Groundwater Quality Discharge Rules OK’d

All portions of the Friant Division service area are now covered by strict new regulations governing water quality of discharges into the aquifer, rules that affect all irrigated agricultural acreage.
The Central Valley Regional Water Quality Control Board, with last month’s adoption of an Irrigated Lands Regulatory Program general order in the expansive Tulare Lake Basin region, will now work with regional watershed coalitions to implement the rules aimed at controlling nitrates and improving groundwater quality.
The affected territory includes some 850,000 acres in Fresno, Tulare, Kings and Kern counties, south of the San Joaquin River (excluding the Westlands Water District and some other portions of the valley’s far West Side).
By the hundreds over the past 1½ years, growers took part in Regional Board hearings and workshops, largely to object to the rules.
Many contended that nitrates today are largely already under control and that contemporary water quality degradation affecting mostly rural residents and disadvantaged communities is largely a legacy issue left over from earlier farming eras when fertilizers were applied more heavily. Other contributors are septic systems, sewage treatment and decaying plants.

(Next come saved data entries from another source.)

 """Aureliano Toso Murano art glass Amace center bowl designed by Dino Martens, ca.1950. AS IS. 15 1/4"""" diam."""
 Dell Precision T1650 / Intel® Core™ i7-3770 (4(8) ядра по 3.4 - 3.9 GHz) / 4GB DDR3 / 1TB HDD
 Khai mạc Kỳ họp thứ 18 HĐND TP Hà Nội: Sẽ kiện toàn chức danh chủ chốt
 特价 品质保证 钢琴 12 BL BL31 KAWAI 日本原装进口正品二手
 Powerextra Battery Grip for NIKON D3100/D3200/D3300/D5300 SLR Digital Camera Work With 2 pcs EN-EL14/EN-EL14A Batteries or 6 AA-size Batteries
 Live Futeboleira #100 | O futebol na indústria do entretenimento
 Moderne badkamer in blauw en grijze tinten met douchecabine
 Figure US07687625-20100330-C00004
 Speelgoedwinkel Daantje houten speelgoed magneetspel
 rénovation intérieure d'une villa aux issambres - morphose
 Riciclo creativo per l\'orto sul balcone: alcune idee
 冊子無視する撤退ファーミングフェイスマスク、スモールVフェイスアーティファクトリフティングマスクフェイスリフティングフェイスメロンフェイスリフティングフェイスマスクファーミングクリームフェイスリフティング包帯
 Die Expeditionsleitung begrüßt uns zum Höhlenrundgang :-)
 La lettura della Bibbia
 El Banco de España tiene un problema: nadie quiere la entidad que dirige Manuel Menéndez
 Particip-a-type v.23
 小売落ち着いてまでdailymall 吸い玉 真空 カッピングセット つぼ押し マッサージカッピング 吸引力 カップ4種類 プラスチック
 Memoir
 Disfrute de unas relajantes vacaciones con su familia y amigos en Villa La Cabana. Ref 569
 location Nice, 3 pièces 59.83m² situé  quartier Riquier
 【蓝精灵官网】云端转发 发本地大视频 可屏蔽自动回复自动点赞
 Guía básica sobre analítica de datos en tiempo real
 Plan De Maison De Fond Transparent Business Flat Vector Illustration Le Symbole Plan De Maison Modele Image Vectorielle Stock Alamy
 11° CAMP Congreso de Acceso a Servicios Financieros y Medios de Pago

Tulare County Supervisor Allen Ishida was quoted in news accounts as saying the Regional Board order is another costly farm regulation. “It will take $3 million out of our local economy,” Ishida said.
On the other hand, direct involvement and negotiations by water agencies and agricultural interests led to many changes that appear to make the adopted order less stringent than had been proposed.
It’s the second general order adopted by the board. The first was adopted 10 months ago for the eastern San Joaquin region’s coalition area where the implementation process is well under way. That includes Friant Division service area farming operations in portions of Madera and southern Merced counties.
The Regional Board’s general order assumes all irrigated land has potential to discharge into groundwater. All irrigated parcels, regardless of size, must be in compliance with the order’s requirements by joining a recognized coalition.
There are coalitions forming in the Kings, Kaweah and Tule rivers service area and at least three coalitions are being organized in the Kern River region. The Friant Water Authority is not involved. Water districts are involved but only to the extent of informing and helping guide growers. The Regional Board’s officials place the ultimate responsibility on the grower.
If a grower with irrigated farmland does not join a coalition, coverage must be provided under an individual Regional Board order and related requirements.
Costs of individual compliance will be significantly greater than coalition fees and growers complying on their own would be compelled to do their own monitoring and reporting.
Some 7,200 growers are expected to be regulated in the Tulare Lake Basin program. Even if enrolled in a coalition, a grower will be required to do annual evaluations, preparation of nitrate management plans, reporting and paperwork.
The Regional Board estimates $2 or less per acre will be required annually but agricultural industry officials believe it will be $3-$10 per acre.
Surface water discharges from farms have been regulated on an interim basis since 2003. The regulations are all the result of state law that is now being implemented by regional water boards.